Mason’s column for the Seattle news site South King Media is dedicated to helping her readers improve their lives in small but meaningful ways. With this book, she gathers some of those pieces under one cover, many of them written during a stressful year characterized by a pandemic, nationwide protests, and a high-stakes election cycle. Some of the columns touch on topics specific to those crises. The first essay, for example, “Good riddance to the handshake,” is an analysis of just how disgusting that act of greeting—verboten in times of Covid-19—really is. Most of the essays, though, deal with more evergreen fare: how to be happily single, how to plan a wedding, how to let go of attachments, how to grieve. There are pieces for women over the age of 50, the sober-curious, and the God-curious as well as meditations on the benefits of “healthy narcissism,” boredom, and Santa Claus. Mason generally isn’t merely opining from the gut but rather rooting her columns in the research of scientists, historians, or psychologists.
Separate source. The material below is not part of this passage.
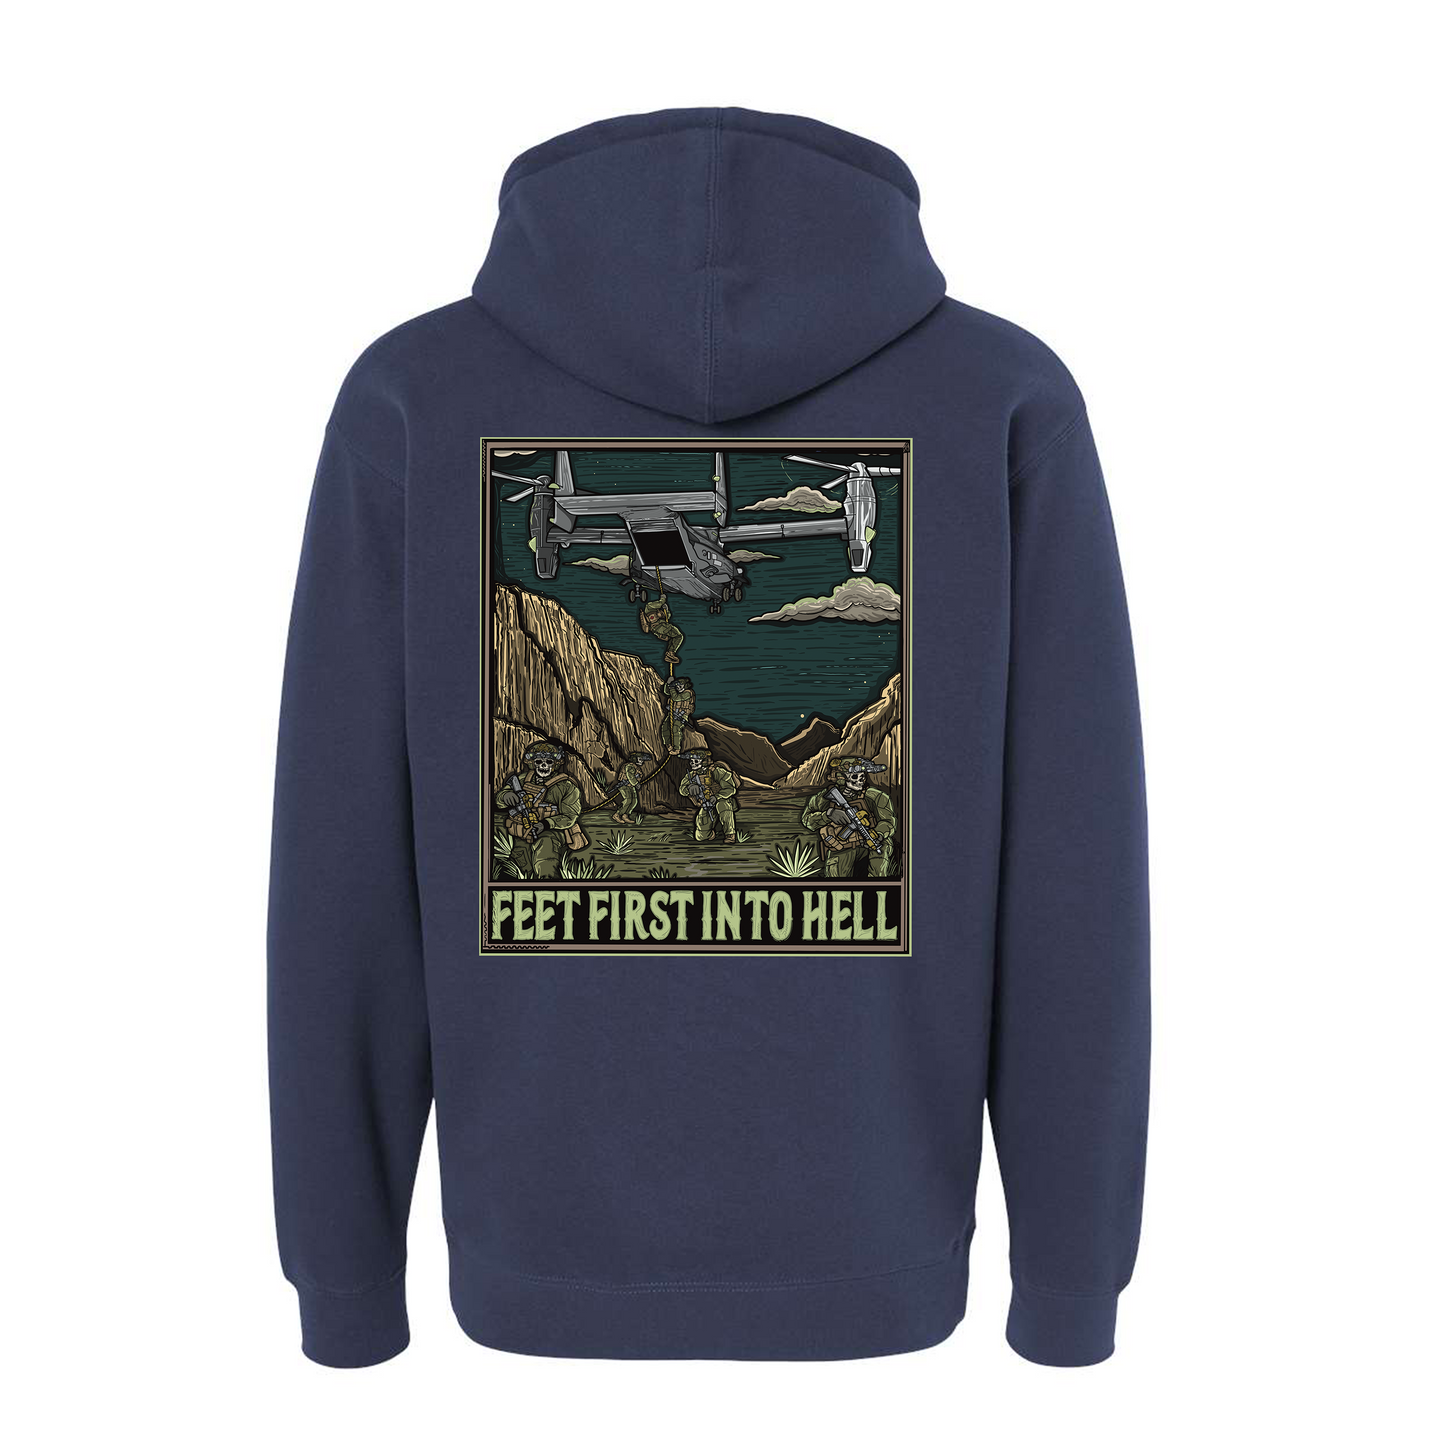 The Valley Hoodie

The essay on Santa, for example, cites the work of developmental psychologists on the positive effects of children believing—and eventually disbelieving—in the jolly elf. She then shifts to a discussion of magical thinking in adults and how nice it is that humans are “wired to perceive our world in a state of wonder.” Mason’s prose is cheerful and engaging, even when discussing serious issues. Here she addresses the lack of love in America’s current political discourse: “By ‘love’ I don’t mean the mushy let’s all hold hands and sing a sappy song kind of love. I’m talking about the selfless, unconditional kind. The kind of love that is other-oriented and sets aside differences to work together for a common good.” The length of the columns—most are three or four pages—prevents the author from delving deeply into any one issue. But as a survey of topics, particularly ones related to contentment and fulfillment, these short bites of condensed knowledge make for a rewarding read.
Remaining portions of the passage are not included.